Dos Estaciones presents a gorgeous portrait of a headstrong tequila factory boss
Director Juan Pablo González adopts a documentary style for his nuanced drama about María García, the strong-willed owner of a struggling tequila factory in western Mexico.
- Reviewed from the 2022 Sundance Film Festival.
Fifty-year-old Mexican tequila factory owner María García keeps her cards close to her chest. The character at the centre of Dos Estaciones – the first feature length fiction film from Mexican director Juan Pablo González – is an enigmatic force that commands the viewers’ attention just as her established influence in the region begins to wane, and it is her threatened power (and ego) that González is most interested in.
Although María is one of very few characters in the film to be played by a professional actor (Teresa Sánchez, seen in Tatiana Huezo’s Prayers for the Stolen and Lila Avilés’ The Chambermaid), the director chooses to reveal the simmering emotions and secret intentions of his protagonist largely through her actions, in medium-to-long shots that capture the settings’ atmosphere but also, crucially, allow him to expose María’s social status in every situation.
Facing the workers of her factory, she stands stiff and barely looks them in the eye, while they keep a respectful distance.

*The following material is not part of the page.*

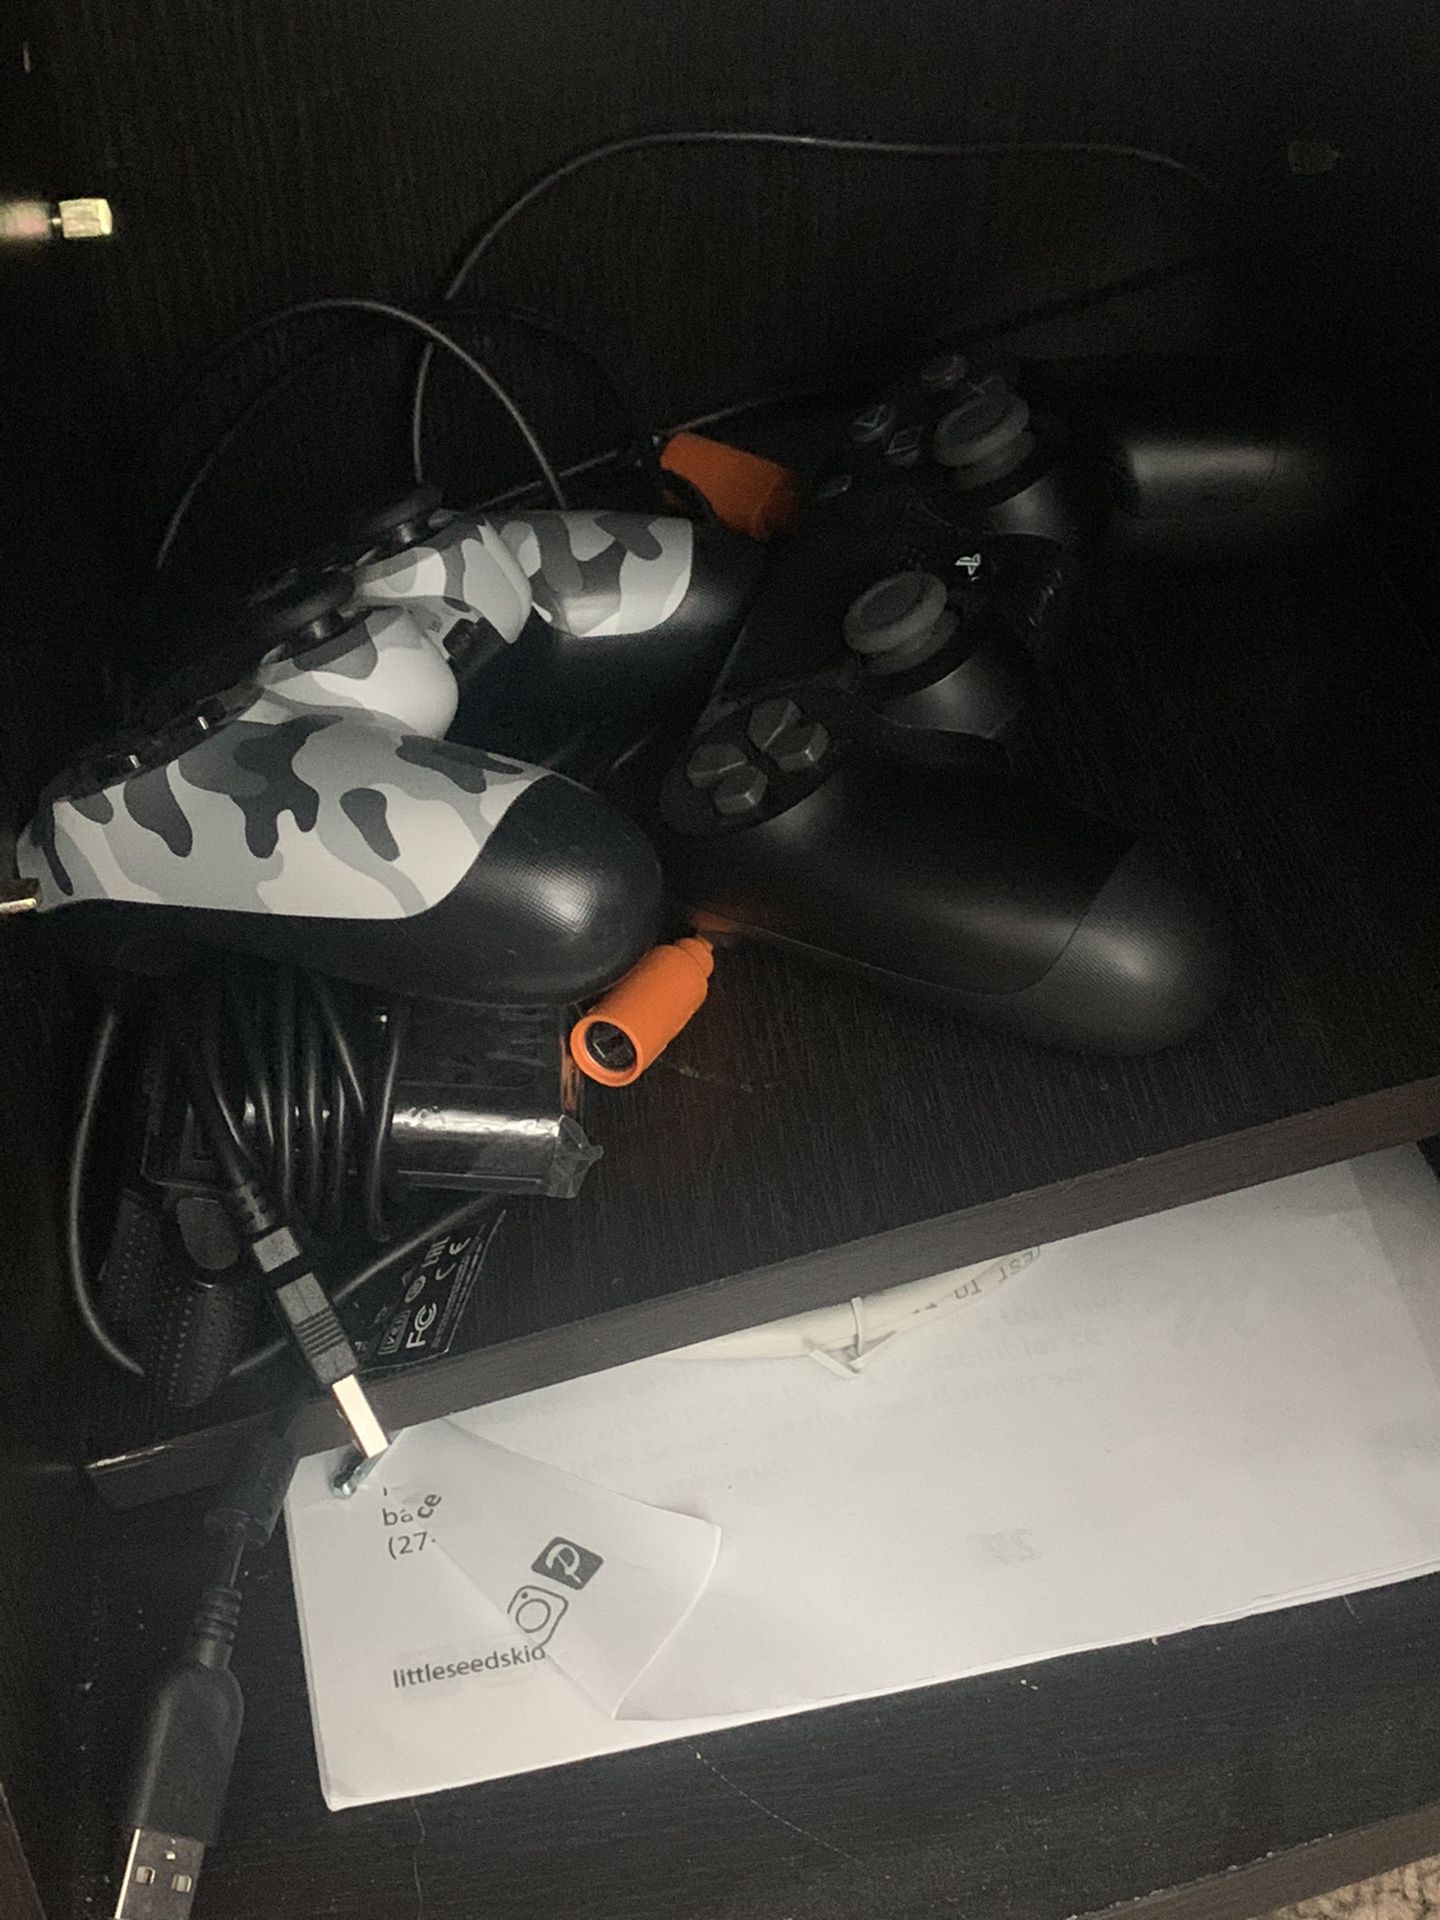 PlayStation 4 with all wires, 2 controllers, and 4 games

Later, arriving at a kid’s birthday party, she does not participate in the fun activities but sits alone at a table, the host thanking her for coming and immediately serving her tequila – in a glass, not a plastic cup.
Respected and proud, she only lets her almost mask-like look of seriousness slip when she is truly alone or, in one of the film’s most striking moments, when getting her hair done. González’s choice to cut to rare close-ups on María’s face in that scene subtly and elegantly reveals that here, as her head is being massaged by the glamorous transgender hairdresser Tatín (Tatín Vera), María feels good and safe, free to let her emotions come to the surface.
Working in an industry commonly associated with men, sporting short hair and masculine-coded outfits of trousers and wide-fitting shirts, it is clear that María does not follow conventional ideas of gender. Yet the appointment at the hairdressers, standing out from the rest of the film for its framing and the intimacy of physical contact it depicts, feels like a precious and all-too-brief stolen moment.
María’s encounter with the young and beautiful Rafaela (Rafaela Fuentes) at the kid’s birthday party is her chance to change that, though not in an explicitly visible way. Whether out of fear, pride, or mere convenience, María mostly manifests the attraction she feels for the alluring stranger through work. While the much more expressive, socially comfortable Rafaela casually brings up the topic of tequila, María’s way of opening to her is to offer her a job as her assistant. When she later guides her on a visit of the factory, González’s compositions in long takes allow him to show two women simply walking side by side, but also to expose the sexual tension between them, a tension no doubt invisible to the men around María, who have never had much access to the emotional or sexual side of her.
The film delicately intertwines María’s work as the headstrong boss of a tequila factory (whose very existence is threatened by a plague affecting raw materials), and her emotional life as a woman seeking connection and companionship. This hard/soft dynamic is perfectly embodied by Teresa Sánchez in an understated, full-body performance, her soft facial features not so much contrasting as complimenting the stiffness of her body language.
María finds a way to exist beyond the traditional gender binary, and the cinematography of Gerardo Guerra brings out that same kind of duality in the nature that surrounds her – we see it in the beauty of the landscape and the violence inherent to harvesting; in the mix of brutality and tender patience that making tequila requires. It’s a careful balance that – as González shows – the forces of profit do not allow. The film ends on a fascinatingly sombre note as María’s efforts to survive bring her head-to-head with the cruel demands of capitalism.
Both carefully considered and loose, with studied compositions that allow its actors and settings to breathe, González’s film is a subtle and compelling proposition. Instead of a didactic approach, González employs a refreshing visual language – one wide awake to cinema’s ability to expose the intersection between complex human histories, and powerful economic forces.